Растет спрос на изотопы, востребованные при проведении новых эффективных методов диагностики. Кроме стандартных короткоживущих изотопов для ПЭТ (¹⁸F, ¹¹C, ¹³N, ¹⁵O), увеличивается спрос на ⁶⁸Ge/⁶⁸Ga, ⁴⁴Sc, ⁸²Sr/⁸²Rb. Резко растет потребность в терапевтических изотопах: ¹⁷⁷Lu, ⁹⁰Y, ⁶⁷Cu, ²²³Ra, ²²⁵Ac /²¹³Bi, ¹²⁵I, ¹⁹²Ir. Все эти изотопы используются в основном при лечении онкологических заболеваний. Есть потребность в ⁶⁴Cu, ¹¹⁷ᵐSn — они используются и для диагностики, и для терапии одновременно (тераностика), причем применение ¹¹⁷ᵐSn, на получение которого у нас есть четыре российских и четыре американских патента, эффективно не только в онкологии, но и при лечении атеросклероза.

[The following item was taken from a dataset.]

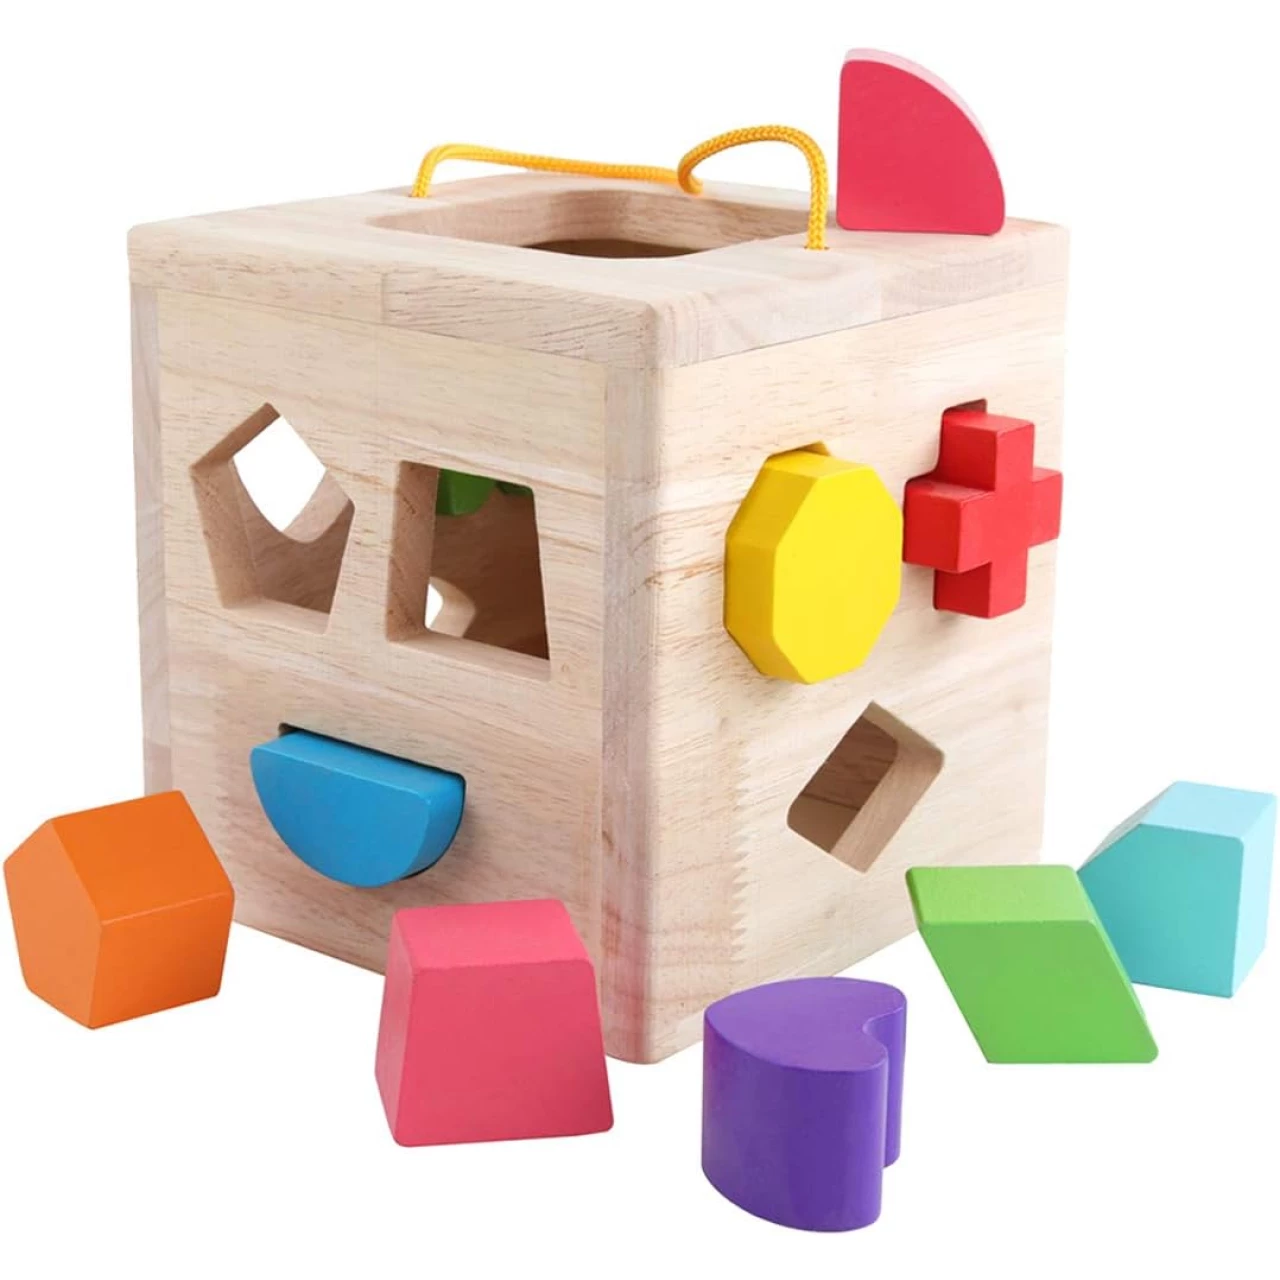 GEMEM Shape Sorter Toy My First Wooden 12 Building Blocks Geometry Learning Matching Sorting Gifts Didactic Classic Toys for Toddlers Baby Kids 2 3 Years Old

В то время как ⁹⁹ᵐTc используют в однофотонной эмиссионной компьютерной томографии — ОФЭКТ, ⁶⁸Ge/⁶⁸Ga, ⁴⁴Sc, ⁸²Sr/⁸²Rb, ⁸⁹Zr, ⁶⁴Cu применяют при более информативной ПЭТ-диагностике. Терапевтических изотопов — ¹⁷⁷Lu, ⁹⁰Y, ²²⁵Ac — особенно не хватает. В России для терапии используют в основном ¹³¹I, потребление которого в развитых странах уменьшается, так как этот изотоп создает значительную радиационную нагрузку на весь организм. Все применяемые изотопы перечислить трудно.

Хотя отечественные возможности производства радиоизотопов весьма значительны, в России ядерная медицина развита меньше, чем даже в некоторых развивающихся странах: Турции, Египте, Бразилии, Аргентине. Потребление ⁹⁹Mo, хотя и несколько выросло в России за последнее время, но все равно почти в 100 раз меньше, чем в США. Еще меньше потребление более дорогих изотопов. Так что российские производители, особенно при инновационных разработках, вынуждены ориентироваться в основном на иностранных партнеров, а в России внедрять свои разработки только в сравнительно небольших масштабах.